Advances in ALS data, combined with automated data generation methods, provide an opportunity to overcome this limitation by producing large, labelled datasets across extensive forested areas.

Data Used

This study used ALS data collected over the Romeo Malette Forest (RMF) in Ontario. Existing forest inventory maps and field plot data were also used to provide the tree species information needed for model training.

Automated Tree-Level Dataset Creation

An automated workflow was used to detect and segment individual trees directly from the ALS data. Tree species labels were then assigned using existing field measurements and supplemented with inventory information from pure stands, without manual tree delineation or hand-labelling. This approach produced a large dataset of individual tree point clouds, enabling the use of deep learning while avoiding a major bottleneck common in many tree-level studies.
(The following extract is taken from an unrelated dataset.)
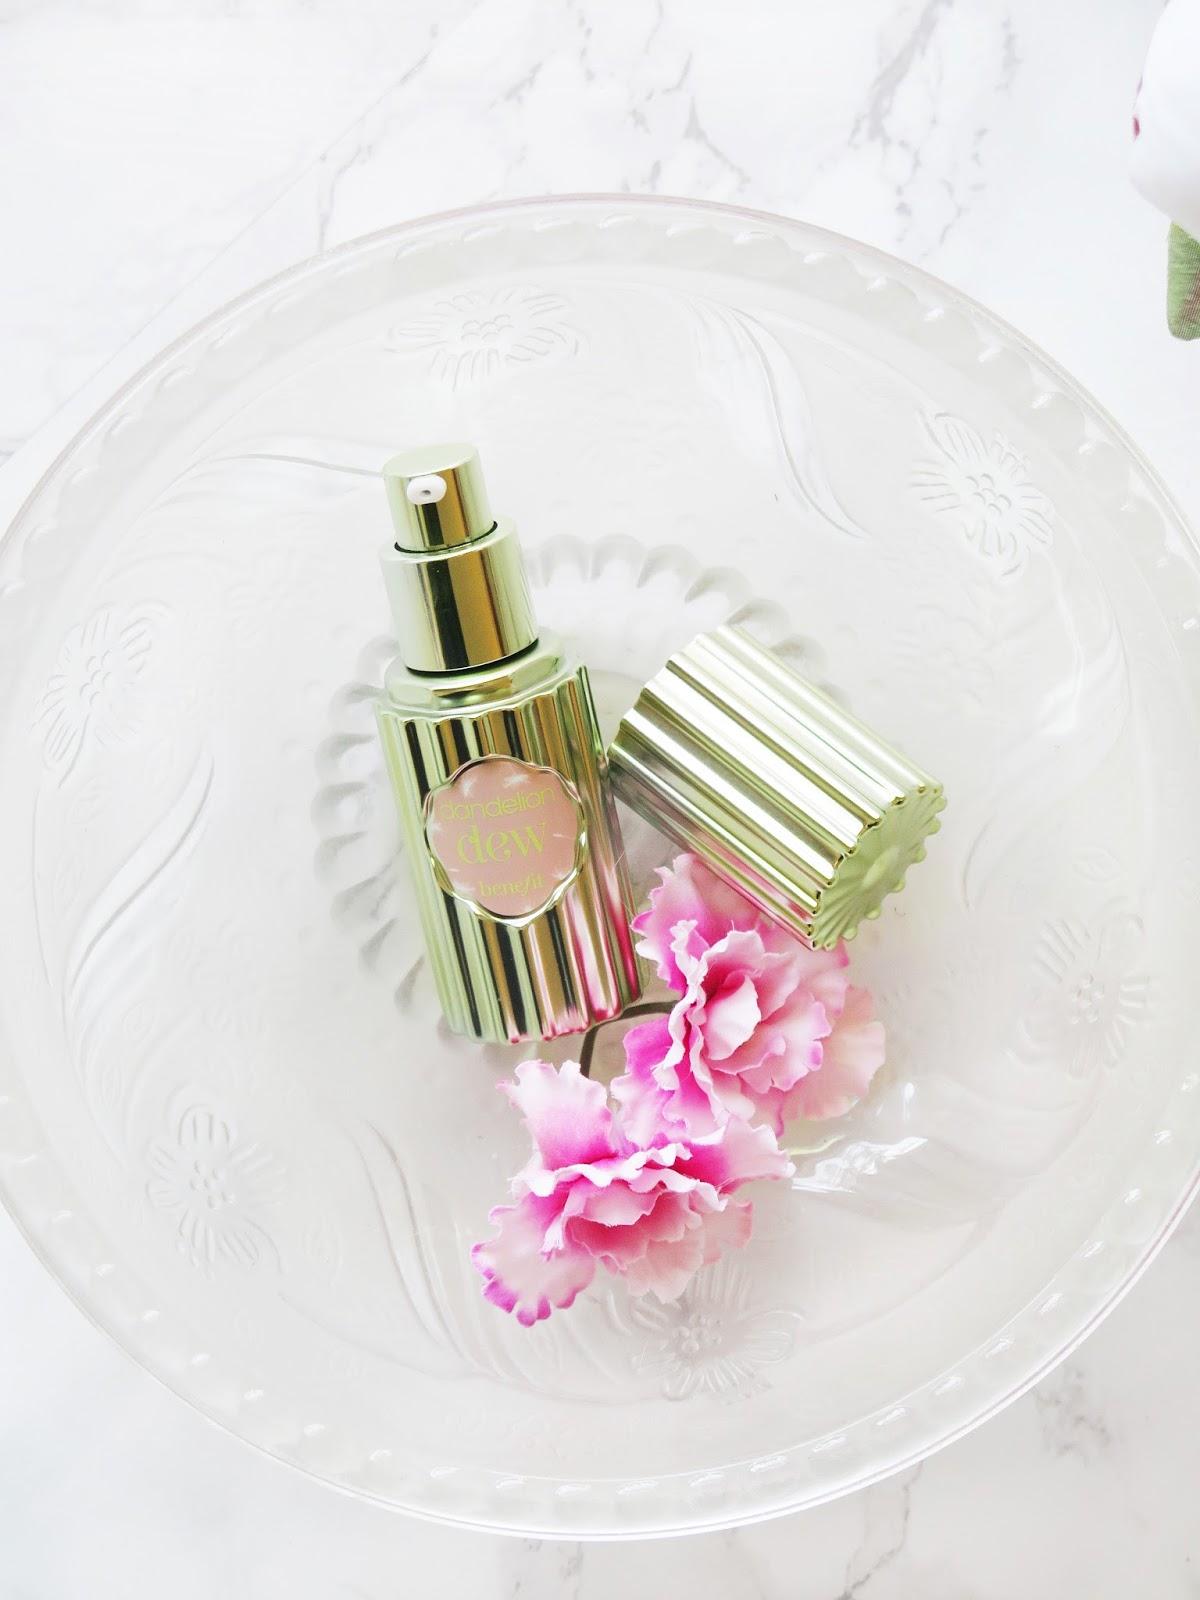 Dandelion Dreams | Benefit Cosmetics Dandelion Dew & Shy Beam | Review & Swatches | labellesirene.ca
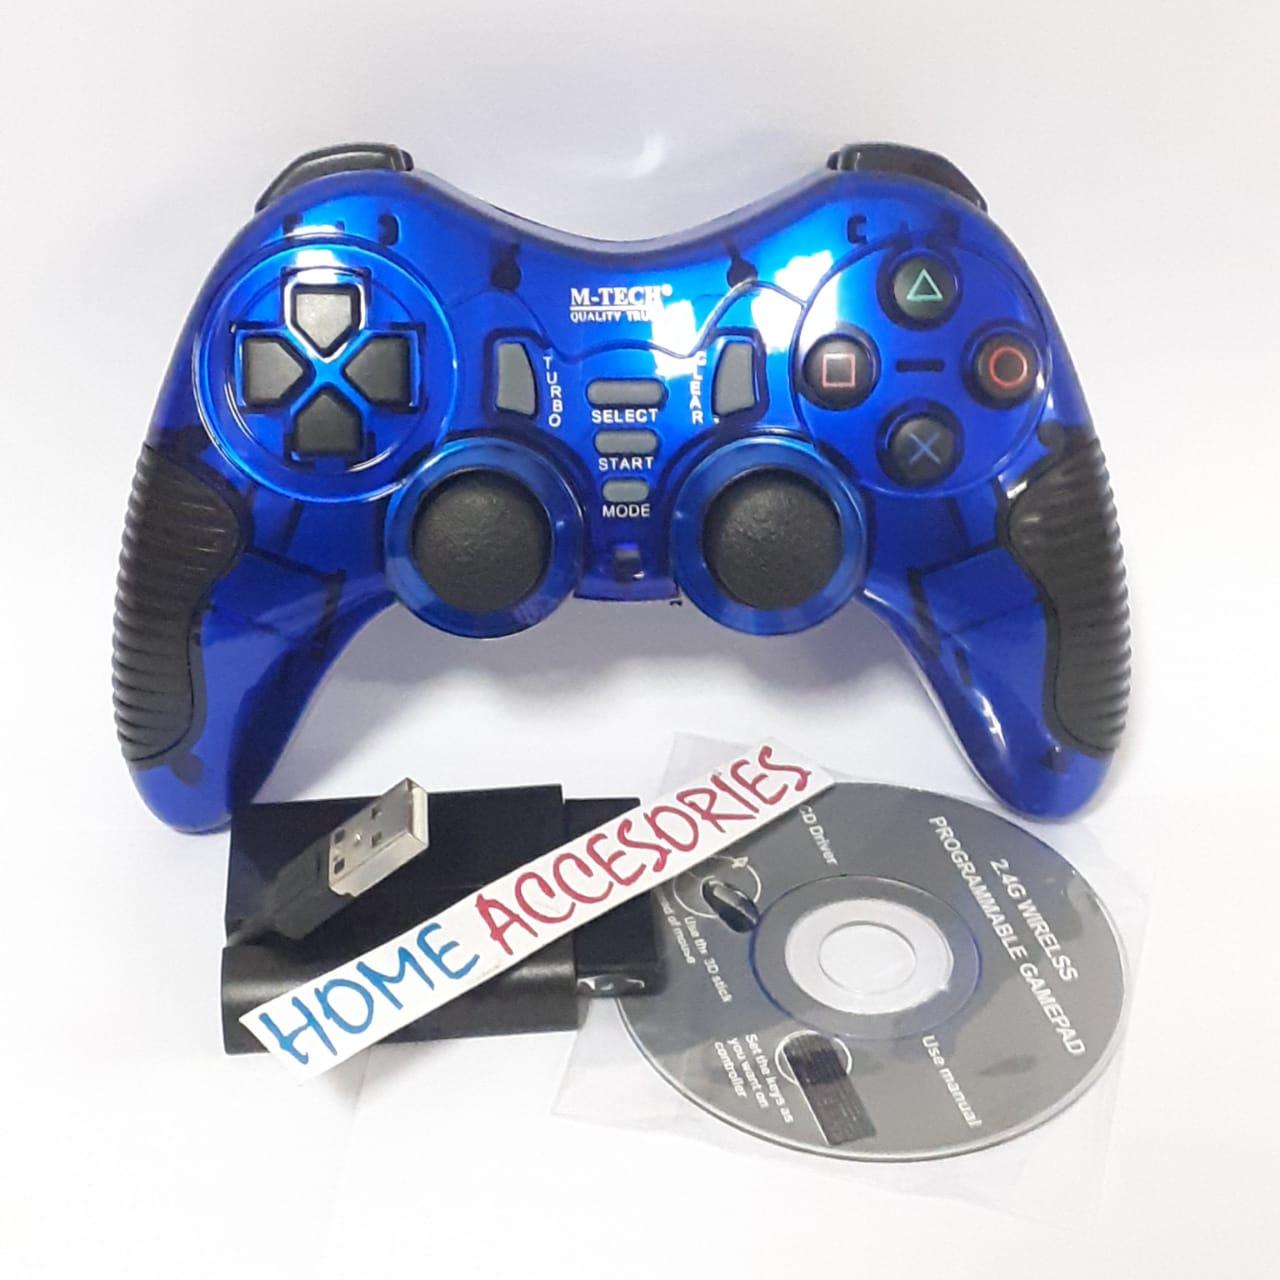 https://www.lazada.co.id/products/stickstik-ps2ps3-wireless-single-turbo-stick-ps-stick-pc-joystick-single-wireless-turbo-gamepad-usb-joypad-stik-ps-gamepad-i1075990847-s1676496751.html

Combining Two Types of ALS Information

The core idea of this work was to combine two complementary sources of information. First, the raw 3D point clouds capture the detailed shape and structure of individual trees. Second, simple summary metrics describe overall tree characteristics such as height distribution, crown size, and return intensity. Each data type provides different but useful information for distinguishing tree species.

Deep Learning Approach

A dual-stream deep learning model was developed. One part of the model learns directly from the raw 3D point clouds, while the second part learns from the summary metrics. The outputs from both streams are combined to make a final tree species prediction. This design allows the model to use both detailed structural patterns and broader summary information in a single framework.

Figure 10: Dual-Stream Model (adapted from Murray et al (2025))

Results

Combining point clouds with summary metrics improves tree species classification compared to using point clouds alone. The dual-stream approach produces more accurate predictions and more reliable confidence estimates across species. The largest gains were observed when both types of ALS information were used together, highlighting the value of this fusion in tree-level classification.

Table 3: Evaluation metrics of the various model configurations
Model	Overall Accuracy	F1-Score	ROC AUC
EdgeConv	0.55	0.54	0.74
Point Transformer	0.61	0.62	0.80
Multi-Branch	0.58	0.59	0.76
EdgeConv + Metrics Network	0.69	0.70	0.88
Point Transformer + Metrics Network	0.69	0.70	0.87
Multi-Branch + Metrics Network	0.69	0.69	0.86

Figure 11: Point cloud samples for each species, with associated predicted probability from each model

Why This Matters for Forest Inventories

This approach reduces the need for manual interpretation and enables tree-level species mapping over large forested areas. By using data that are already commonly collected for forest inventories, the method is well suited for operational use. It demonstrates how deep learning can be used for enhanced forest inventories by adding detailed species information in a scalable and automated way.

Key Take-Home Messages

ALS can support individual tree species mapping at large scales using deep learning
Automated workflows are critical for making deep learning practical in forestry
Combining raw 3D data with simple summary metrics improves prediction performance
Dual-stream deep learning provides a simple and effective way to combine different types of ALS-based forest information.

How Can Deep Learning Change EFI Workflows?

Existing research across many EFI modelling objectives (e.g., species classification, individual tree segmentation, biomass regression, etc.) has demonstrated that deep neural networks (DNNs) operating directly on point cloud data often outperform conventional modelling approaches (e.g., random forest) that rely on LiDAR metrics. These performance gains are promising and may signal a shift towards greater use of deep learning workflows when developing EFIs. With further research involving benchmarking and model development, we may see improvements offered by DNNs for EFIs across Canada. However, it remains critical to weigh performance gains against model complexity and computational demands when considering the operational use of deep learning for EFIs.